Such gnostic tendencies by no means ceased with the seventeenth century. Indeed, this view seemed to have a divine sanction. After all, to control the world exclusively through natural laws—God’s secondary causes—required an even greater God. In 1794 Darwin’s grandfather Erasmus Darwin wrote this Gnostic-sounding vision of how natural history should be viewed:

The world itself might have been generated, rather than created; that is, it might have been gradually produced from very small beginnings, increasing by the activity of its inherent principles, rather than by a sudden evolution by the whole by the Almighty fiat. What a magnificent idea of the infinite power of the great architect! The Cause of Causes! Parent of Parents! Ens Entium! For if we may compare infinities, it would seem to require a greater infinity of power to cause the causes of effects, than to cause the effects themselves.

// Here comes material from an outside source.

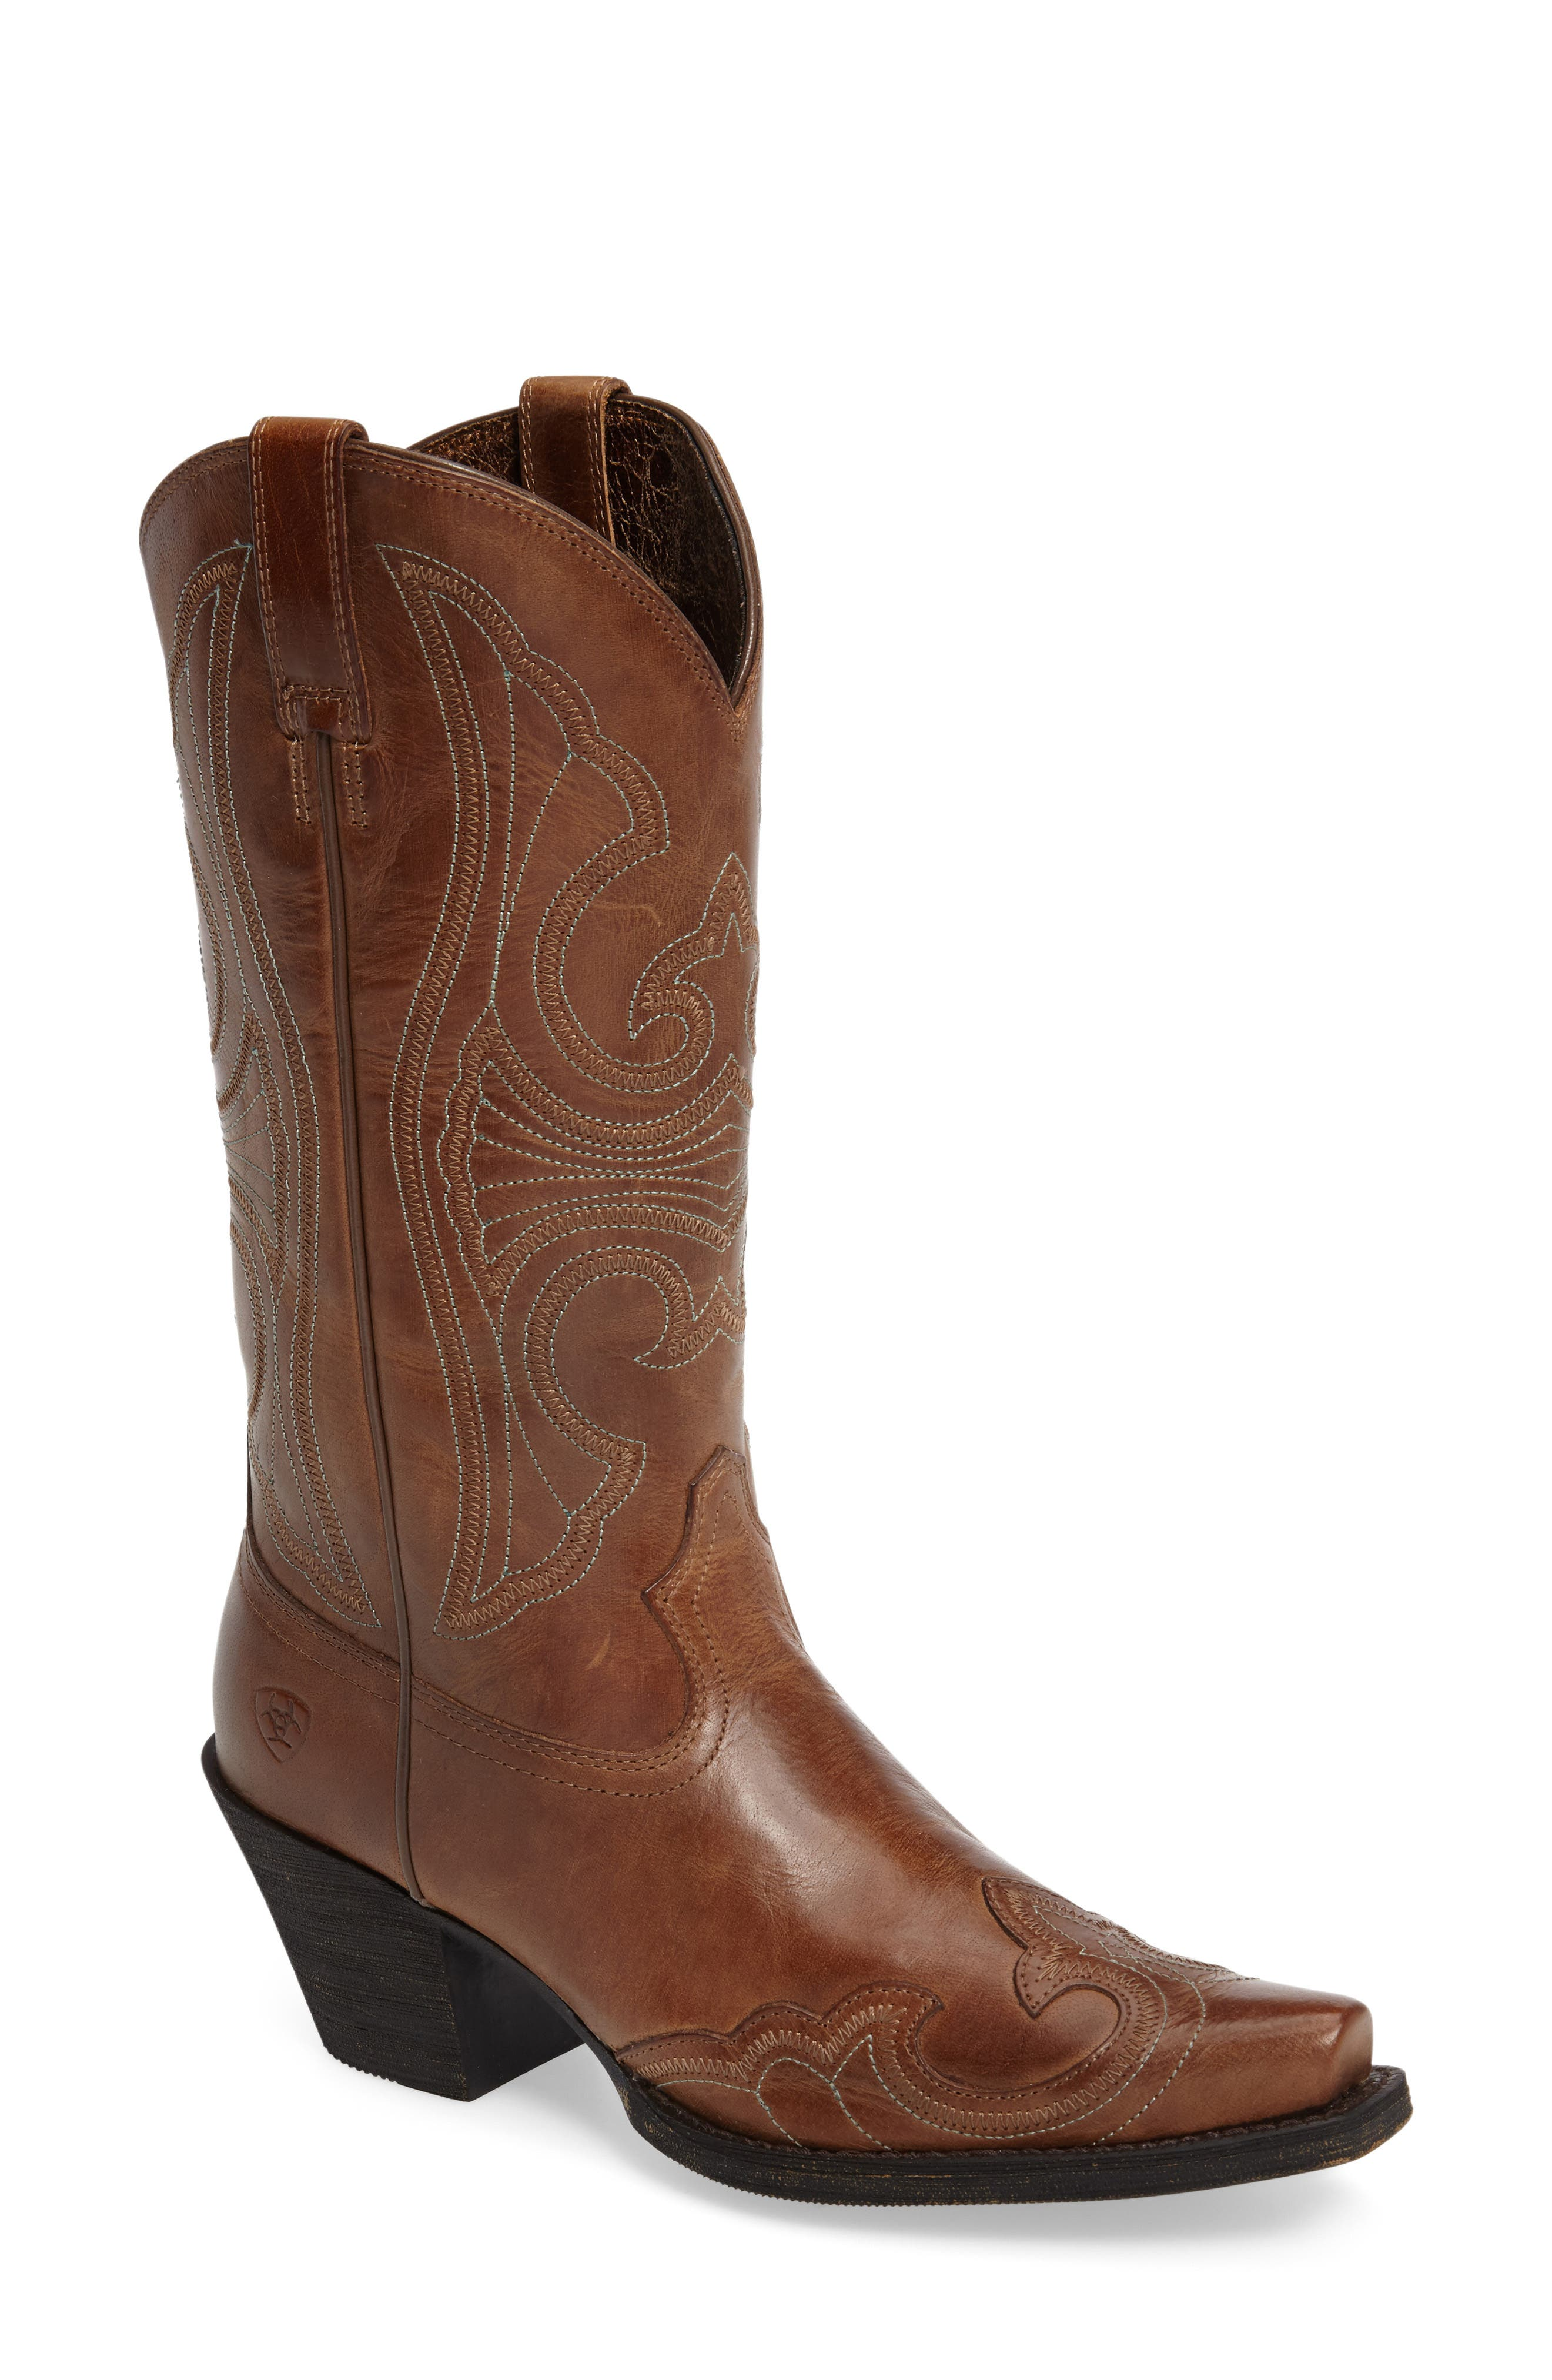 41c9058de96 Sale  Women s Boots   Booties

A striking example of these gnostic tendencies in Darwin’s time arose when John Millais’ painting Christ in the house of his parents was first exhibited at the Royal Academy in 1850. In the painting, the boy Jesus had injured his hand in his father’s carpentry shop. Mother Mary attended to the boy while Joseph continued with his work. Outside the door sheep patiently awaited their future savior. The scene was both symbolic and realistic, with wood scraps lying all about and workers going about their duties.

But the Victorians emphasized God’s wisdom, power and transcendence. Could he really have bruised his hand in a messy carpenter’s shop? The Times complained that the painting was revolting, for its “attempt to associate the holy family with the meanest details of a carpenter’s shop, with no conceivable omission of misery, of dirt, even of disease, all finished with the same loathsome meticulousness, is disgusting.” Blackwood’s Magazine said “We can hardly imagine anything more ugly, graceless and unpleasant,” and Charles Dickens called the painting “mean, odious, revolting and repulsive.”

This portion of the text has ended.